Introduced to chess by his father when he was only five, Hoffman (Wings of Madness, 2003, etc.) found a refuge in the game during an adolescence marked by family stress. Returning to the game decades later in a period of personal and professional crisis, he found himself fascinated not just by chess itself, but by the inner life of its players. Among the questions he seeks to answer are why chess is so addictive, how the champions handle victory and defeat and why the game is played primarily by men. There’s a bit of chess history and mythology, a brief explanation of the rules and of some opening moves and a side trip into human-vs.-computer competition, but this is primarily a narrative driven by personality. In 2004, Hoffman accompanied grandmasters Joel Lautier and Pascal Charbonneau to international competitions in Moscow and Libya respectively to observe how these men prepared for matches and how they handled winning and losing. A year later, he journeyed to Athens to interview another grandmaster, Nigel Short. The Libyan trip with Lautier, which included nerve-shattering encounters with a police-state bureaucracy, reveals the author’s expertise as a storyteller as well as his own high-amateur competence at the chessboard.
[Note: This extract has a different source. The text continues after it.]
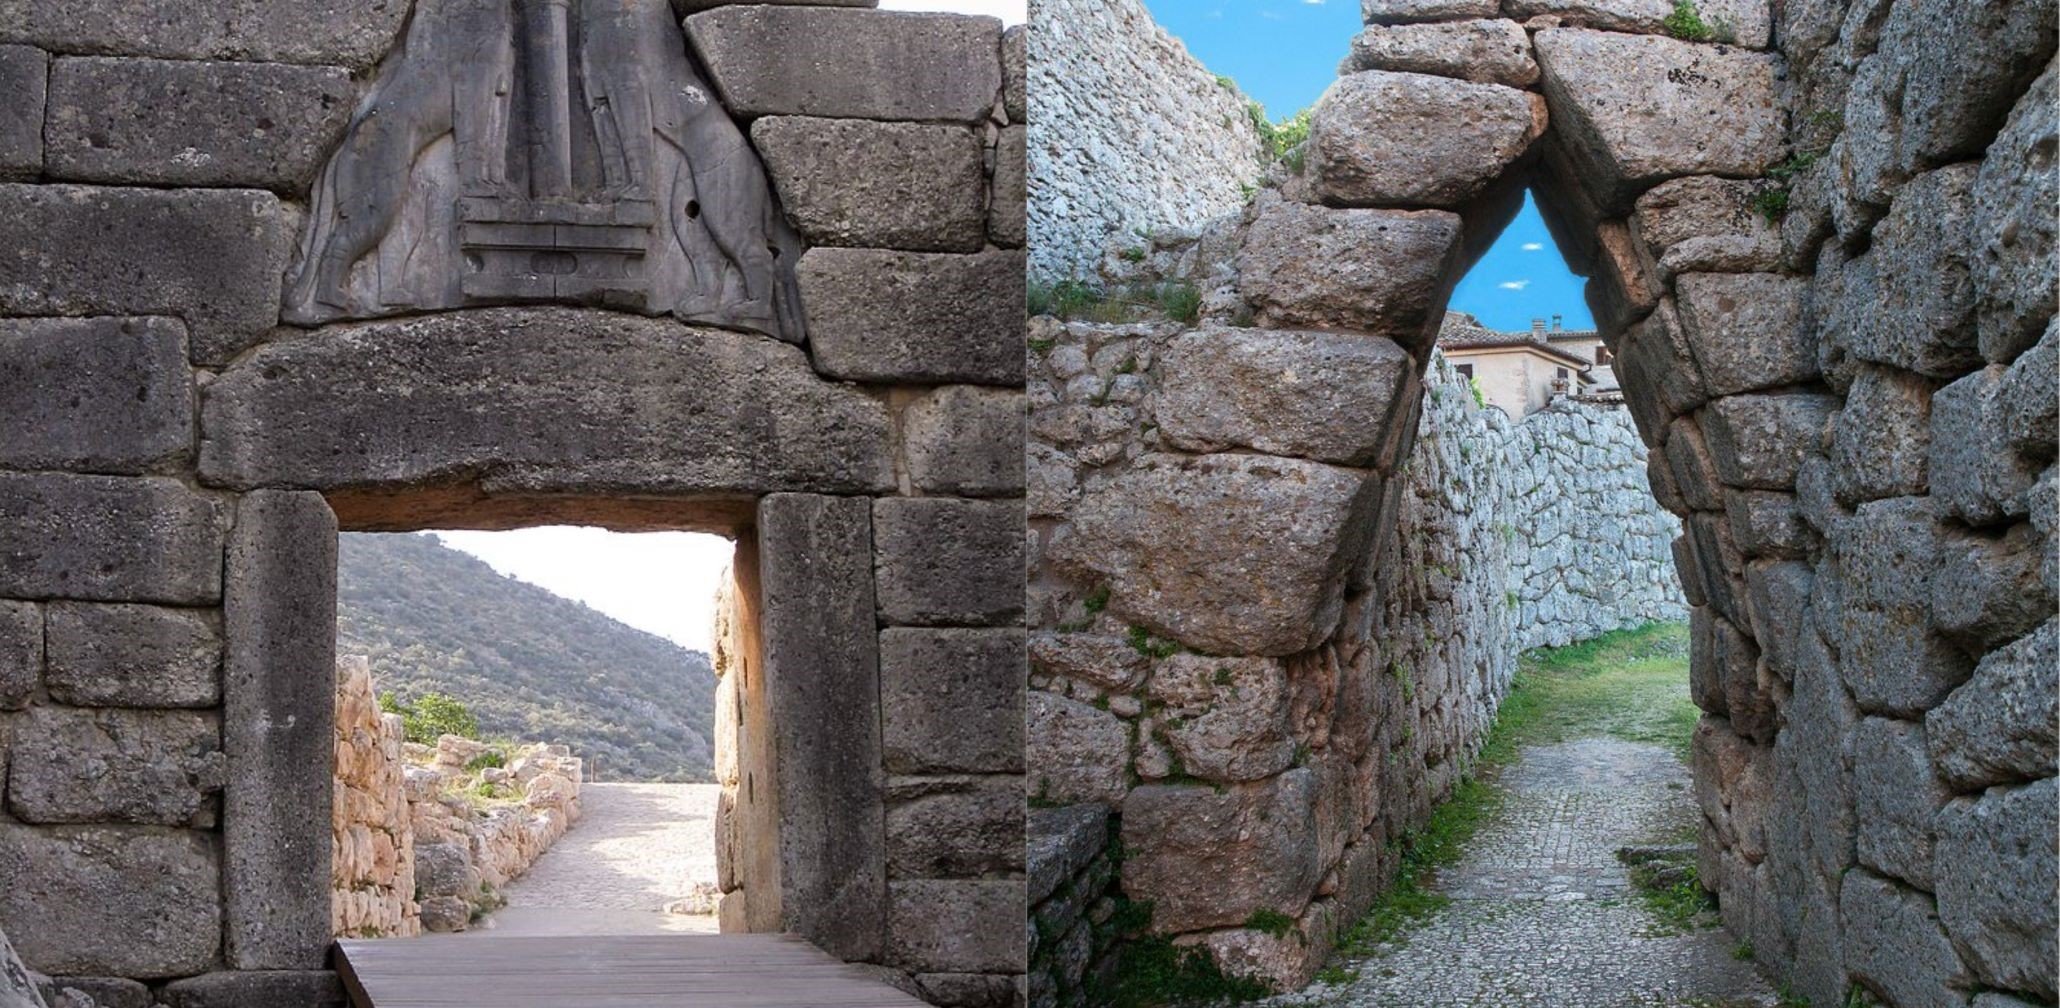 cyclopean walls in italy and mycenaen lion gate, Greece

Woven together with these forays into the minds of chess professionals are Hoffman’s reminiscences about his father, an extremely manipulative and competitive man, envious of his teenage son’s accomplishments, who once suggested that chess was really a way of working out homo-patricidal impulses.

The portrait of his father is decidedly unpleasant, and Hoffman himself has some jarringly boastful moments, but those who relished Stefan Fatsis’s portrayal of Scrabble junkies (Word Freak, 2001) will find this another fascinating glimpse into a competitive game world filled with quirky and brilliant addicts.